Judoca é pega no doping com a mesma substância de Cielo

Taciana Lima, do peso ligeiro, teve positivo para o diurético furosemida em junho. Defesa alega falhas no processo

Amanda Romanelli, O Estado de S.Paulo

12 de agosto de 2011 | 00h00

A judoca Taciana Lima, de 27 anos, foi flagrada em exame antidoping realizado na Copa do Mundo de São Paulo, no fim de junho. A substância encontrada foi a furosemida, diurético que causou o positivo do nadador Cesar Cielo e seus três companheiros - Nicholas dos Santos, Henrique Barbosa e Vinicius Waked. Os nadadores conseguiram comprovar que o suplemento alimentar que ingeriram estava contaminado com furosemida.

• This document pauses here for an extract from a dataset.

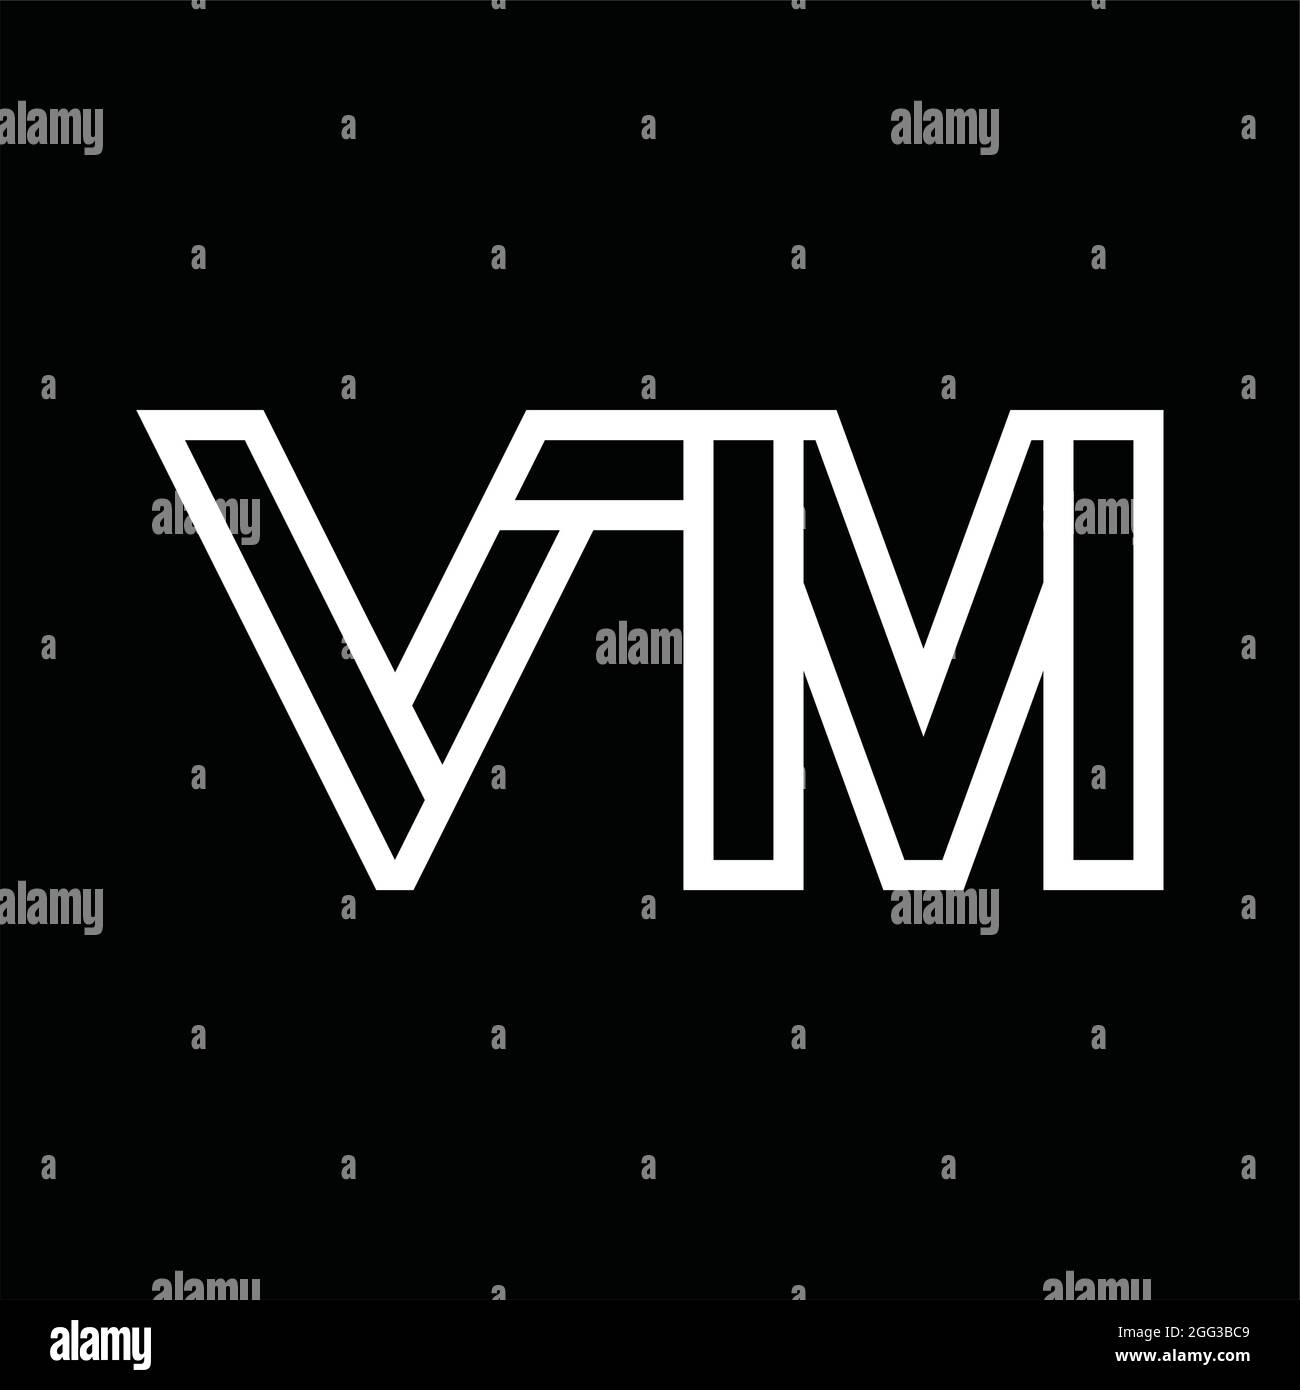 Logo monogram VM đã trở thành biểu tượng của sự sang trọng, tối giản và chuyên nghiệp. Sự đơn giản của nó làm nổi bật không gian xung quanh và giúp thương hiệu của bạn trở nên độc đáo và dễ nhận ra. Hãy khám phá thêm về vẻ đẹp đơn giản nhưng tinh tế của VM Logo monogram.

Taciana não foi convocada para disputar o Mundial de Paris, que começa no dia 22, apesar de ser a 2.ª atleta da categoria ligeiro (- 48kg) e aparecer na zona de ranqueamento olímpico.

Antes da divulgação do resultado positivo, o coordenador técnico da Confederação Brasileira (CBJ), Ney Wilson, afirmou que Taciana não foi chamada para viajar à França porque a comissão técnica preferiu priorizar atletas mais experientes - cada país pode, de acordo com o regulamento do Mundial, levar até dois judocas por peso.

A Sogipa, clube de Taciana, iniciou o processo de defesa e trabalha para que a atleta seja inocentada. Segundo o advogado George Daudt Wieck, além da alegação de inocência de Taciana, há falhas na condução do processo que podem ajudar a judoca a evitar uma suspensão.

"A Taciana recebeu a comunicação do resultado do exame em seu e-mail pessoal, na sexta-feira (dia 5), pela CBJ. O Código Brasileiro de Justiça Desportiva diz que é necessário fazer uma comunicação formal", explica. "Nós temos um prazo de sete dias para fazer a defesa. Quando começo a contar o prazo?", questiona. Wieck também aponta que Taciana não foi suspensa preventivamente e não sabe se a análise da amostra B já foi realizada. A CBJ não se pronunciou sobre o assunto.

Outro ponto que causa estranheza, diz Wieck, é o furto de um dos suplementos alimentares utilizados por Taciana durante a disputa em São Paulo. "Temos testemunhas de que um dos frascos sumiu. O furto foi denunciado em um Boletim de Ocorrência. Se a bolsa dela foi mexida, pode ter havido contaminação", explica. Os outros produtos utilizados pela atleta foram mandados para análise.